Queue a streaming update instead of immediately applying it.

Source code in vllm/v1/engine/output_processor.py
def _update_streaming_request_state(
    self, req_state: RequestState, request: EngineCoreRequest, prompt: str | None
) -> None:
    """Queue a streaming update instead of immediately applying it."""
    if not request.resumable:
        # Final request - just mark completion, don't add its dummy tokens.
        if req_state.input_chunk_queue is None:
            # Engine already finished - emit final output and clean up.
            self._finish_request(req_state)
            if req_state.queue is not None:
                # Emit a final output with finished=True
                # to unblock the generate() loop.
                req_state.queue.put(STREAM_FINISHED)
        elif req_state.input_chunk_queue:
            req_state.input_chunk_queue[-1].final = True
        else:
            req_state.streaming_input = False
        return

    update = StreamingUpdate(
        prompt=prompt,
        prompt_token_ids=request.prompt_token_ids,
        arrival_time=request.arrival_time,
    )

    # Apply request updates now if the last input already completed.
    if req_state.input_chunk_queue is None:
        req_state.apply_streaming_update(update)
        req_state.input_chunk_queue = deque()
    else:
        # Queue the streaming update otherwise.
        req_state.input_chunk_queue.append(update)

abort_requests

abort_requests(
    request_ids: Iterable[str], internal: bool
) -> list[str]

Abort a list of requests.

The request_ids may be either external request IDs (those passed to InputProcessor.process_inputs()) or internal request IDs (those randomly generated when creating the EngineCoreRequest).

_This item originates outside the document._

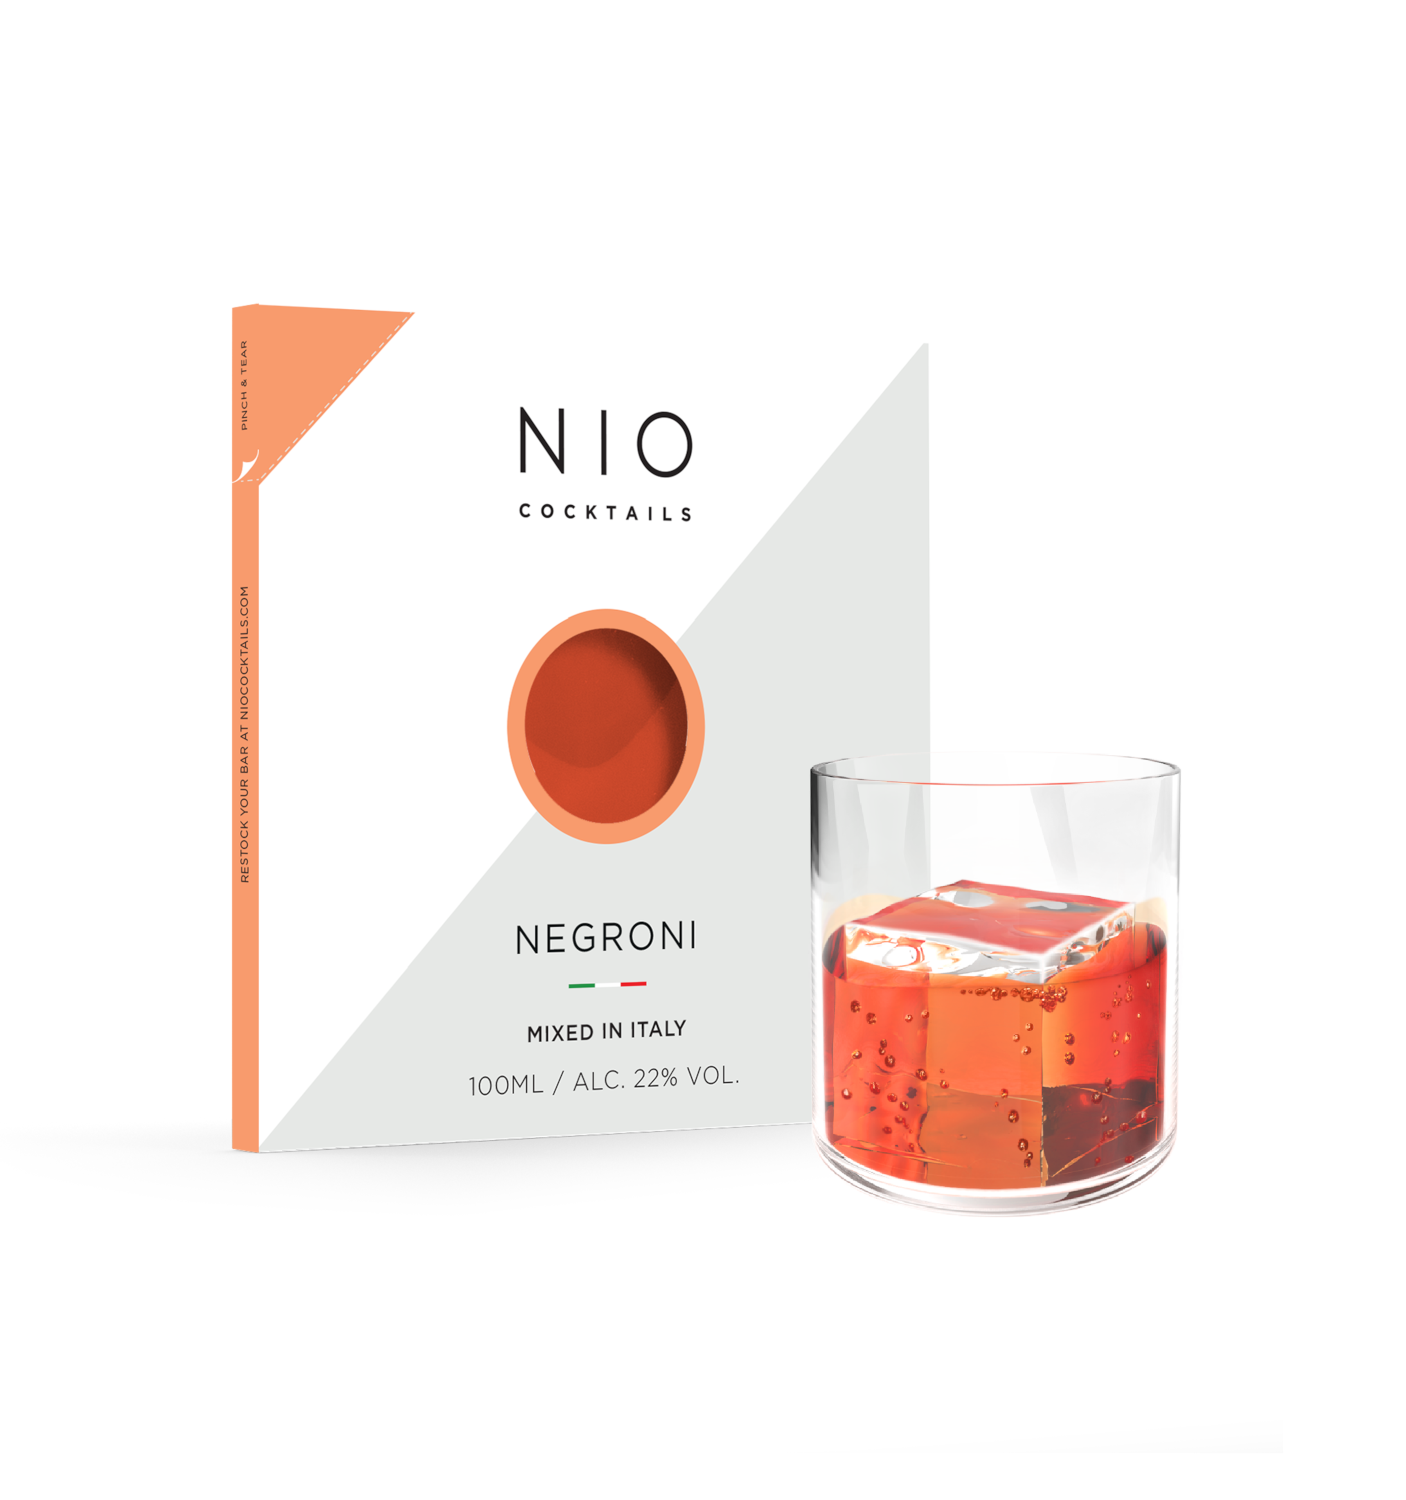 NIO Cocktails - Negroni

If an external request ID is provided, and that external request ID was used for multiple requests, all requests associated with that external request ID are aborted.

In the case of parallel sampling, a request ID may be used to identify a parent request, in which case the associated child requests are aborted also.

Source code in vllm/v1/engine/output_processor.py
def abort_requests(self, request_ids: Iterable[str], internal: bool) -> list[str]:
    """Abort a list of requests.

    The request_ids may be either external request IDs (those passed to
    InputProcessor.process_inputs()) or internal request IDs (those randomly
    generated when creating the EngineCoreRequest).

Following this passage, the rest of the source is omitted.